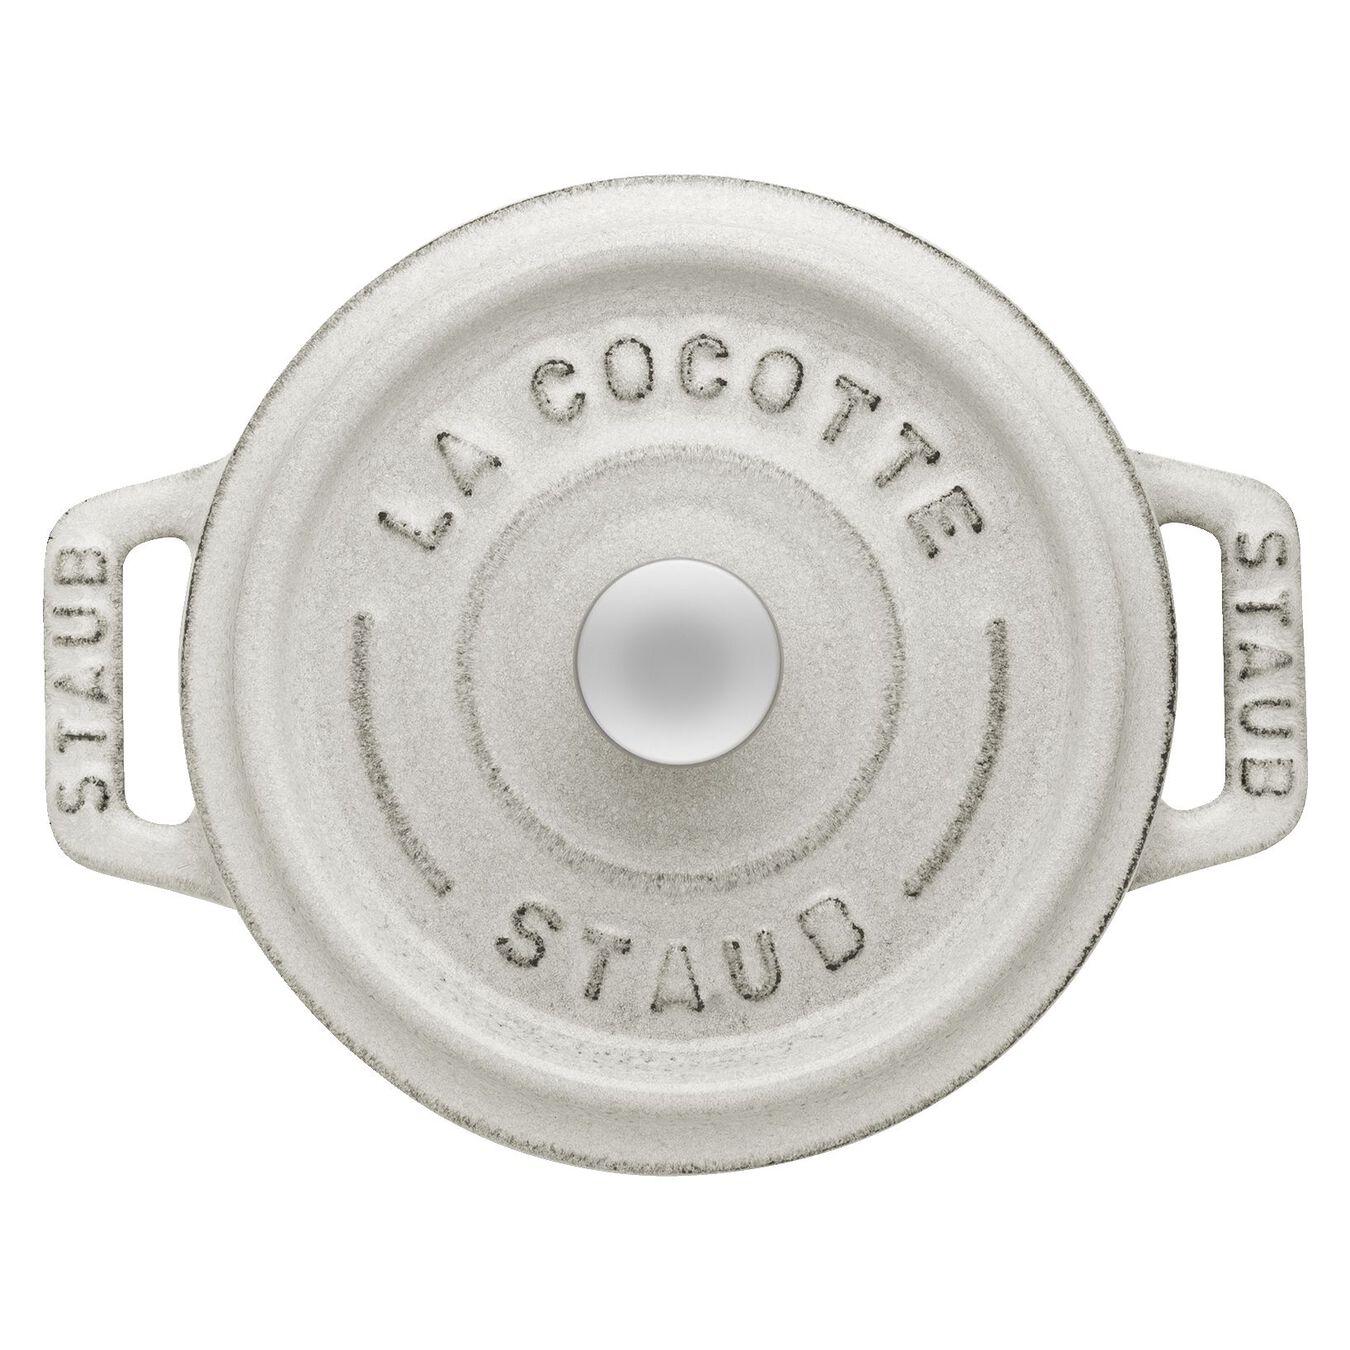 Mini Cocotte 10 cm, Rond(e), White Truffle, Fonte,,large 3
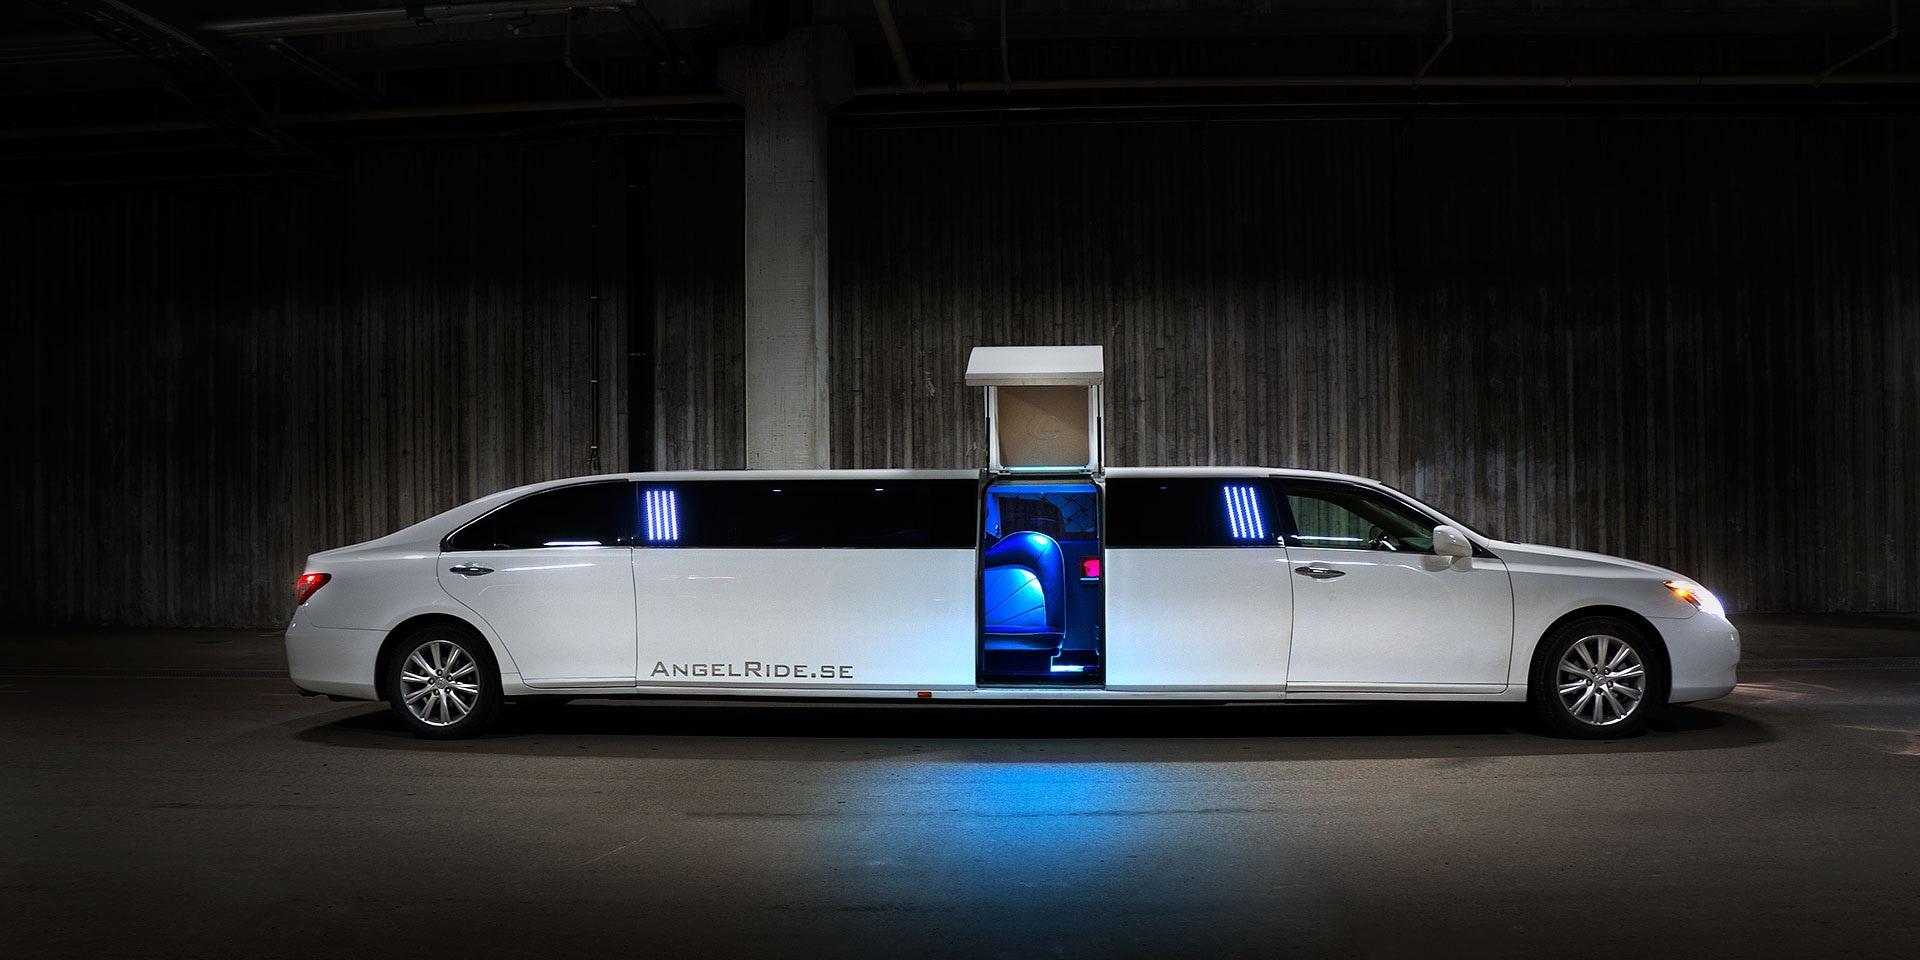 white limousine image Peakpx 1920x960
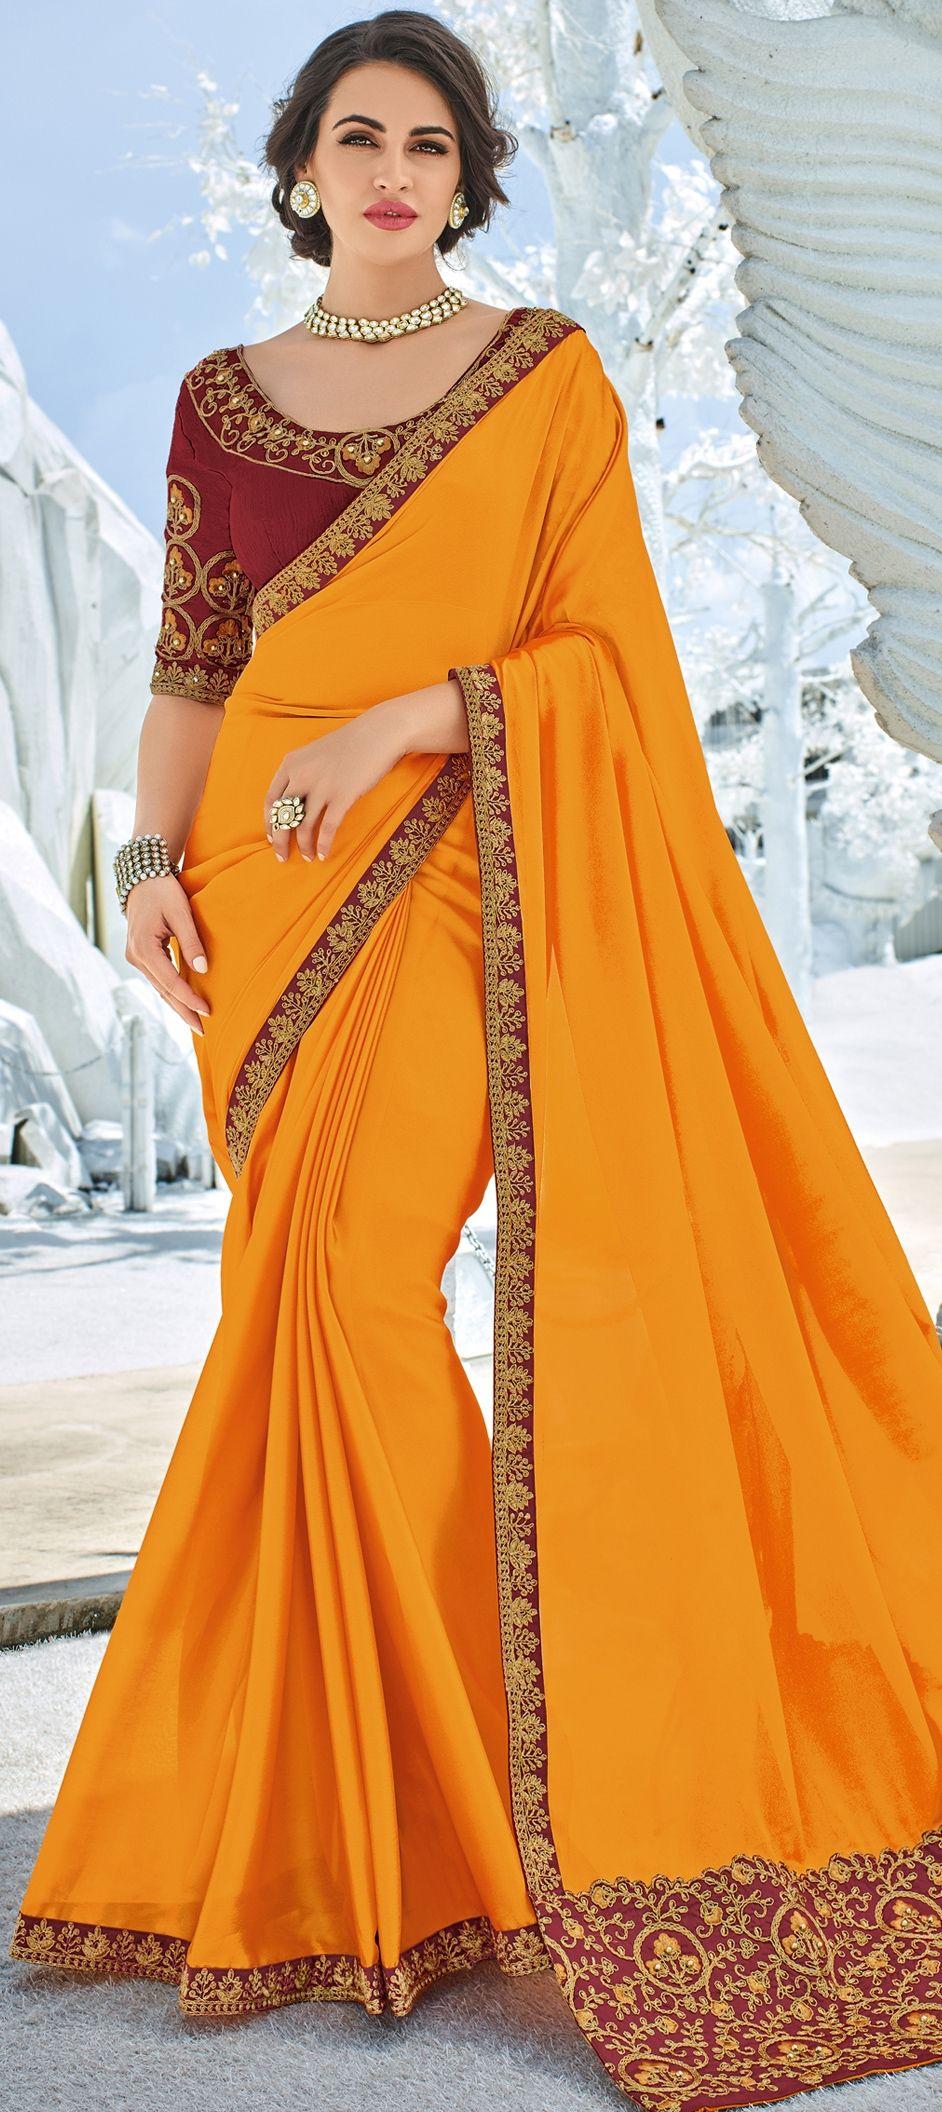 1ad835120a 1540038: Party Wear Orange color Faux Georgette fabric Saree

------------------------------

Please transcribe the material above exactly as written. Leave the pictures out.

Completed task:
 Mini Cocotte 10 cm, Rond(e), White Truffle, Fonte,,large 3
 white limousine image Peakpx 1920x960
 1ad835120a 1540038: Party Wear Orange color Faux Georgette fabric Saree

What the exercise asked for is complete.